In literature, the instability of the keyhole is considered as a major source of porosity due to the high probability of vapor getting trapped11,20,47. However, in the present work, the pores that formed during an unstable keyhole mostly merged with the keyhole channel and disappeared (Fig. 3A, t = 9 ms). This behavior can be explained by the fact that the velocity used in our work (1.5 mm/s) was much lower than the velocity used in real welding applications, which is typically hundreds of millimeters per second3,47. In our experimental condition, the pores could not travel far away from the fluctuating keyhole channel and, therefore, were prone to merging with the channel. Another typically reported source of porosity is by the fast collapse of the keyhole channel at the end of the process, which often leads to vapor being trapped in the melt pool and forming pores11,48,49. This phenomenon was also observed in our work and can be seen in Fig. 3A, t = 10–10.5 ms. The resulting pore is marked by a black arrow.

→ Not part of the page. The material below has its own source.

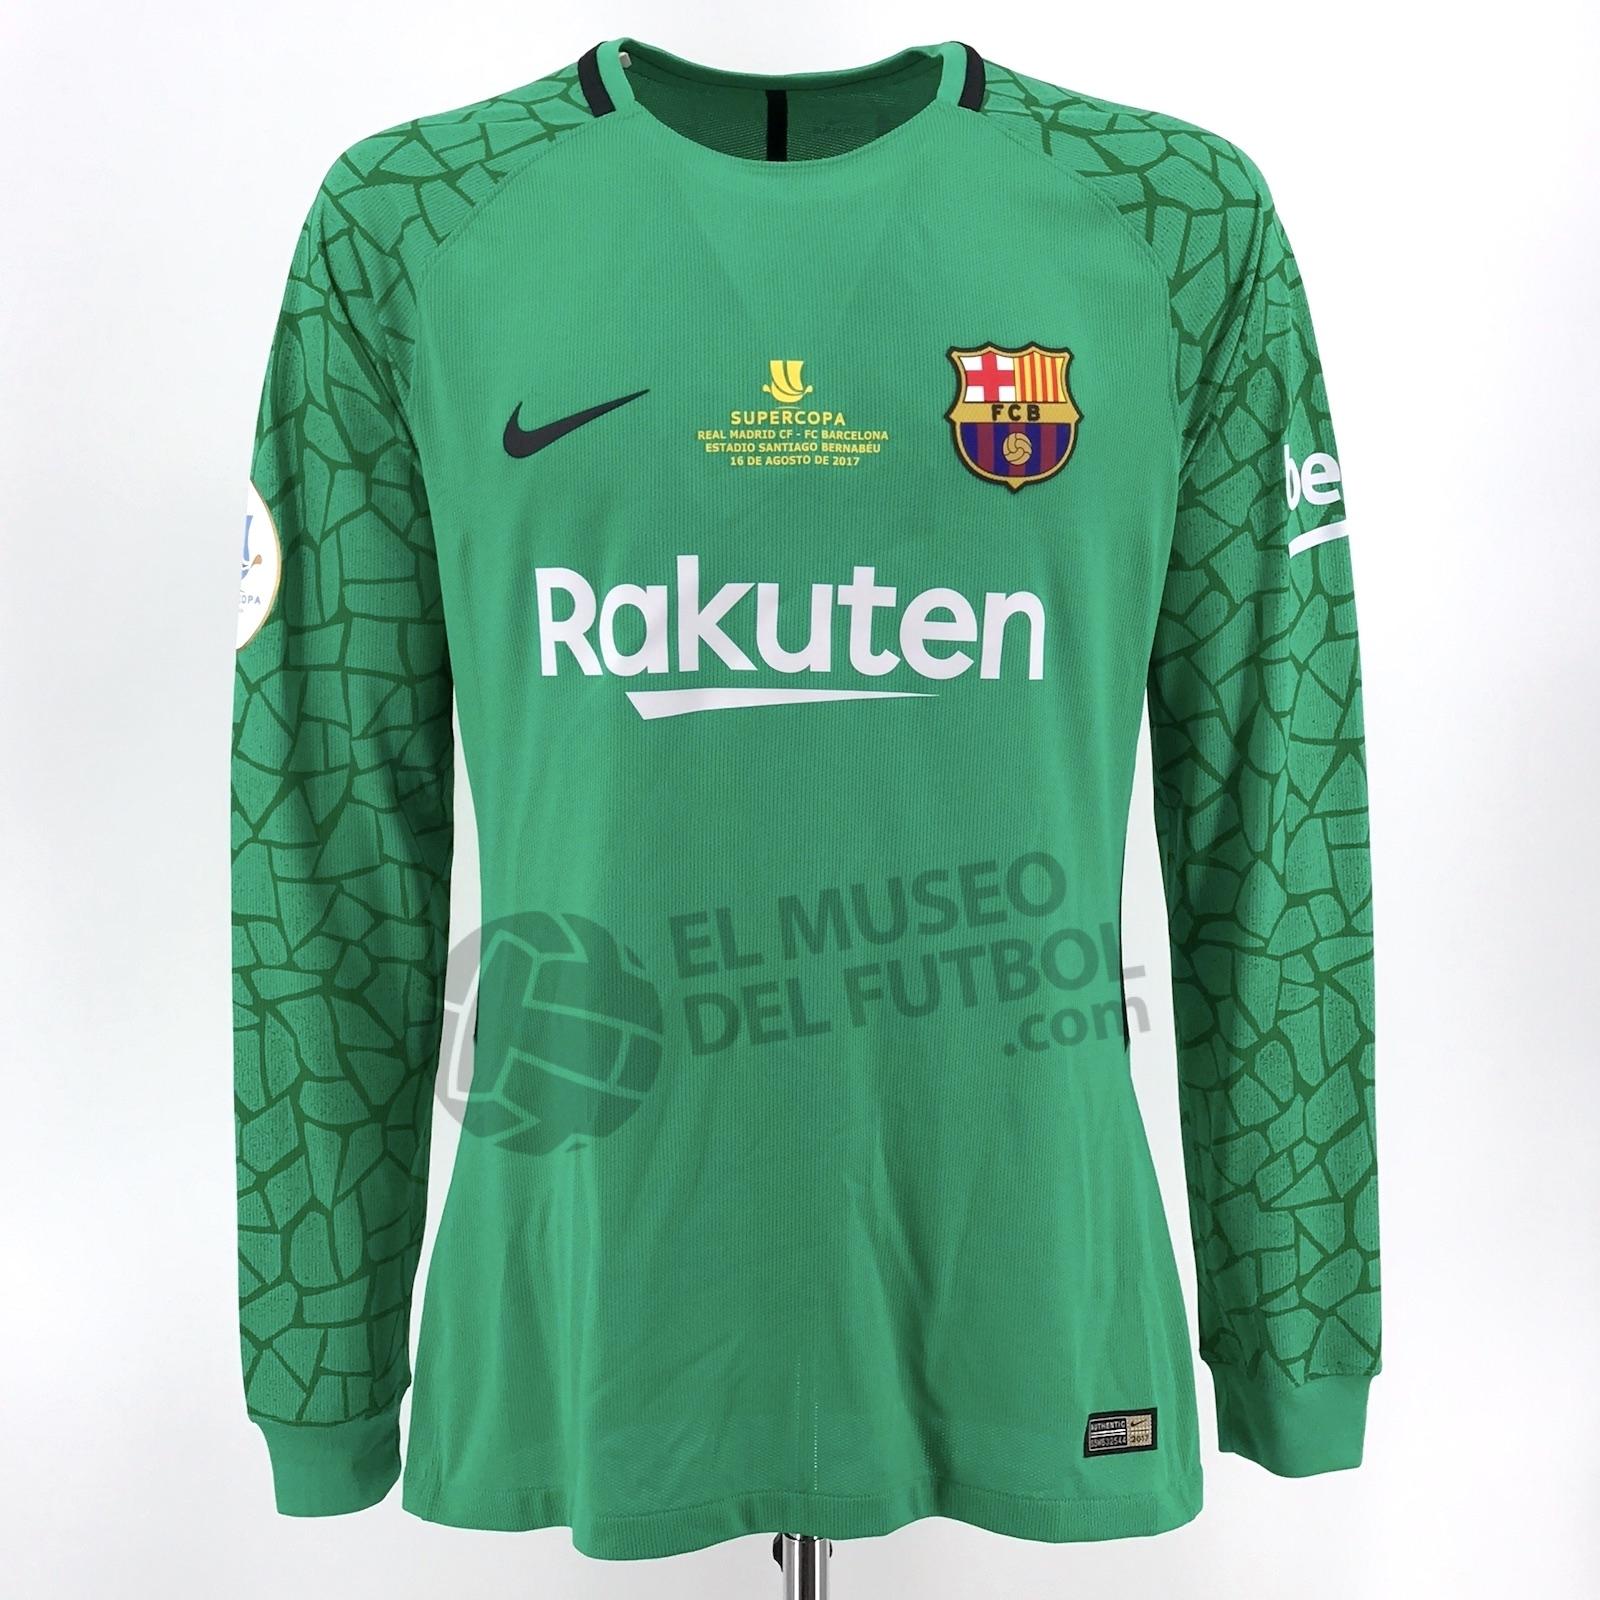 ab1ec7ae470 Fc Barcelona 17-18 Goalkeeper Green Shirt TER STEGEN LS Supercopa 2nd Leg*  – El Museo del Futbol
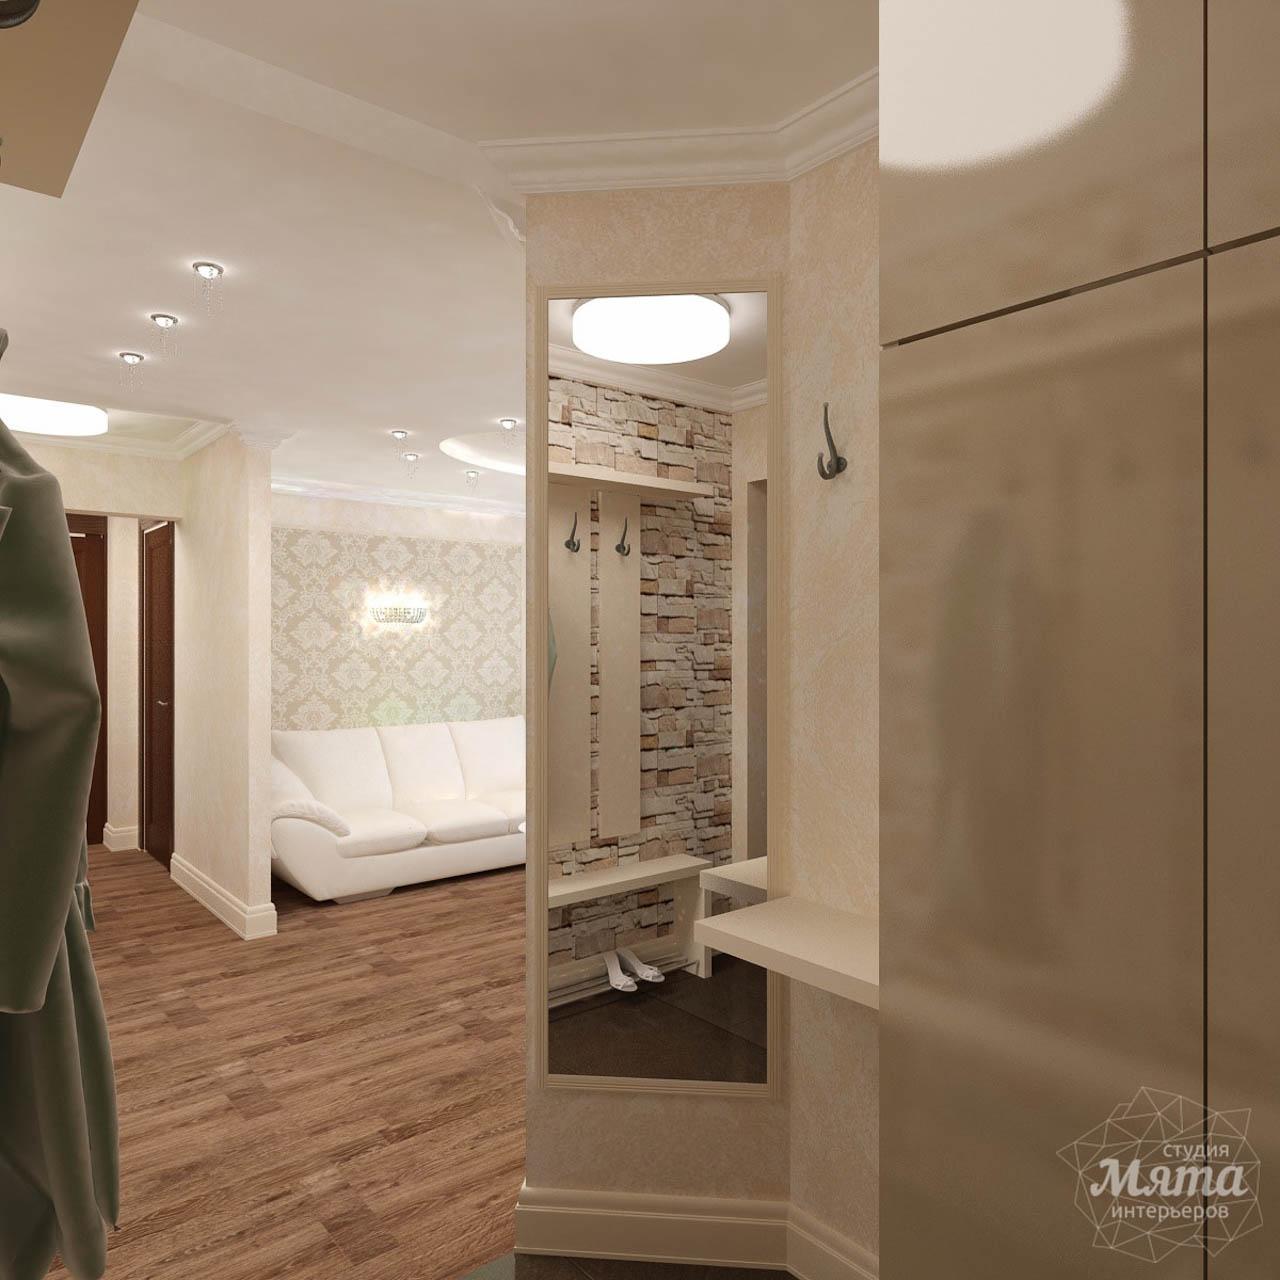 Дизайн интерьера двухкомнатной квартиры по ул. Бебеля 156 img688016846

The irregularities in the keyhole are further demonstrated in the graph shown in Fig. 3B. In this figure, the X-ray image on the left is a snapshot at t = 7 ms and the plot on the right displays the variation of pixel brightness with depth along the keyhole channel, as indicated by a red line in the X-ray image. The brightness data were obtained from the X-ray image using ImageJ software50. As the pixel intensity is directly related to local matter density20,24,28, the plot also indicates irregularities in the evaporation and flow dynamics of the molten material even in stable radiation conditions. Interestingly, the result shown in Fig. 3B implies that the monitoring methods by surface inspection such as with optical sensors and cameras might suffer inaccuracies due to the in-depth irregularities of the keyhole channel.

Another interesting event, namely the removal of the pores, was also observed during the experiments. Figure 4 shows the X-ray radiographic images of two successive laser pulses in another experiment with 10 ms pulse duration and 1 kW laser power. The formation of a pore at the end of the first laser pulse (Fig. 3A) can be seen at t = 10.5–12 ms. Interestingly, the pore merges with the keyhole channel formed by the second pulse and disappear, as shown in Fig. 3B, at t = 3.3–6.9 ms. This observation indicates the possibility to repair a porous weld, which has significant importance for the application of laser welding in industrial manufacturing. This phenomenon was also reported by Zhao et al.51 by post mortem inspection of a workpiece subjected to two successive laser weld scans.

Figure 4
figure 4

X-ray radiographic images of pore formation (A) and removal (B) during two successive laser pulses. The formation was caused by the rapid collapse of the keyhole channel, leading to vapor being trapped. On the other hand, the removal of the pore was by merging with the keyhole formed by the following laser pulse. Both laser pulses were of 1 kW power and 10 ms pulse duration. The sample was translated relatively to the laser beam and the X-ray beam at a constant velocity of 1.5 mm/s. The timestamp starts simultaneously with the laser illumination. The marker in the right bottom corresponds to a distance of 500 µm.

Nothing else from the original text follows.